We identified the mutations causing factor XIII A subunit deficiency in two families. Two distinct mutations were identified in the S family: the nonsense mutation Tyr 441-->stop in exon 11, inherited through the paternal line, and the missense mutation Asn 60-->Lys in exon 3, inherited through the maternal line. Two members of the J family were heterozygous for the previously described type 3 A subunit. The substitution giving rise to the type 3 variant was found to be Gly 501-->Arg in exon 12. The Asn 60-->Lys and Gly 501-->Arg mutations were constructed in cDNA clones and expressed in yeast (Saccharomyces cerevisiae AH22).
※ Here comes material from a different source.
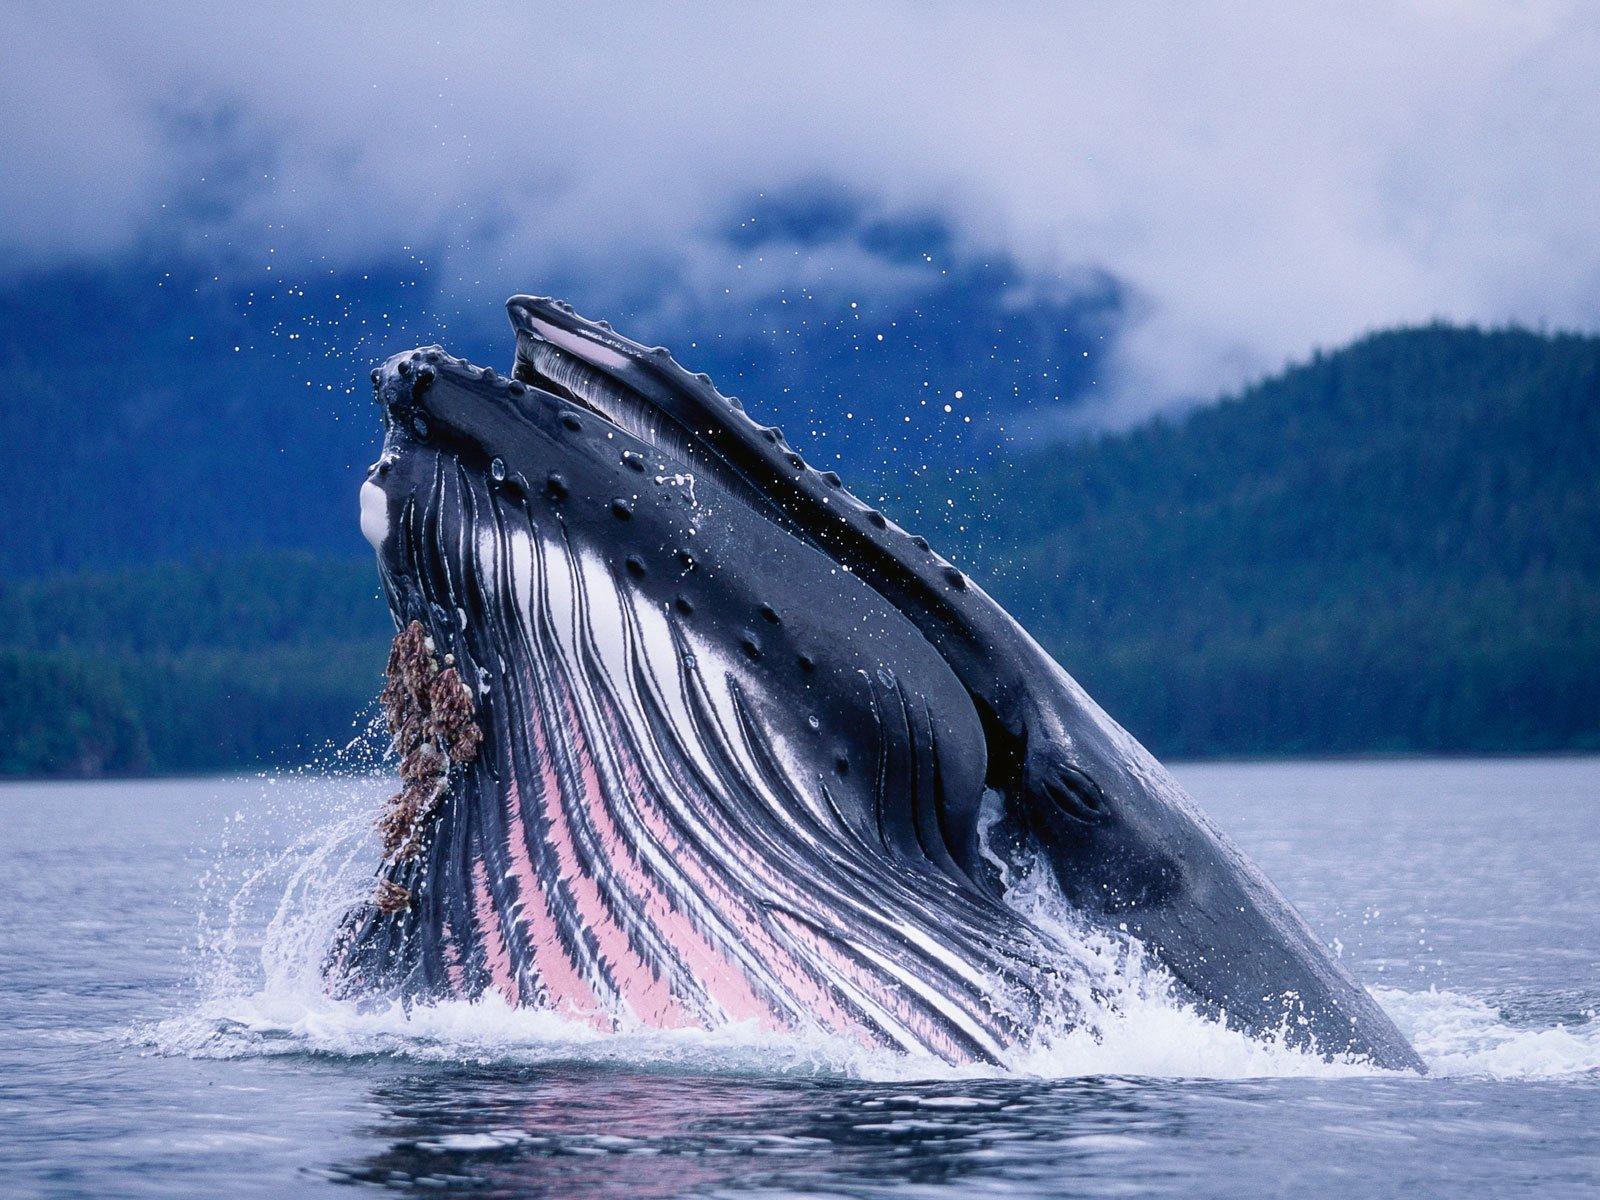 Kambur balina-3

Although mRNA could be detected, protein containing the Asn 60-->Lys substitution could not be detected, suggesting extreme instability or susceptibility to proteolysis. A subunits containing the Gly 501-->Arg substitution were expressed and found to be enzymatically active in fresh yeast lysates. This variant has thermal instability and lost activity during storage or purification. Gel filtration studies suggested that the type 3 variant assembled as a dimer, as do normal A subunits. The data suggest that the Gly 501-->Arg (Type 3 variant) would cause severe factor XIII deficiency if inherited in the homozygous form or as a compound heterozygote with another deleterious mutation.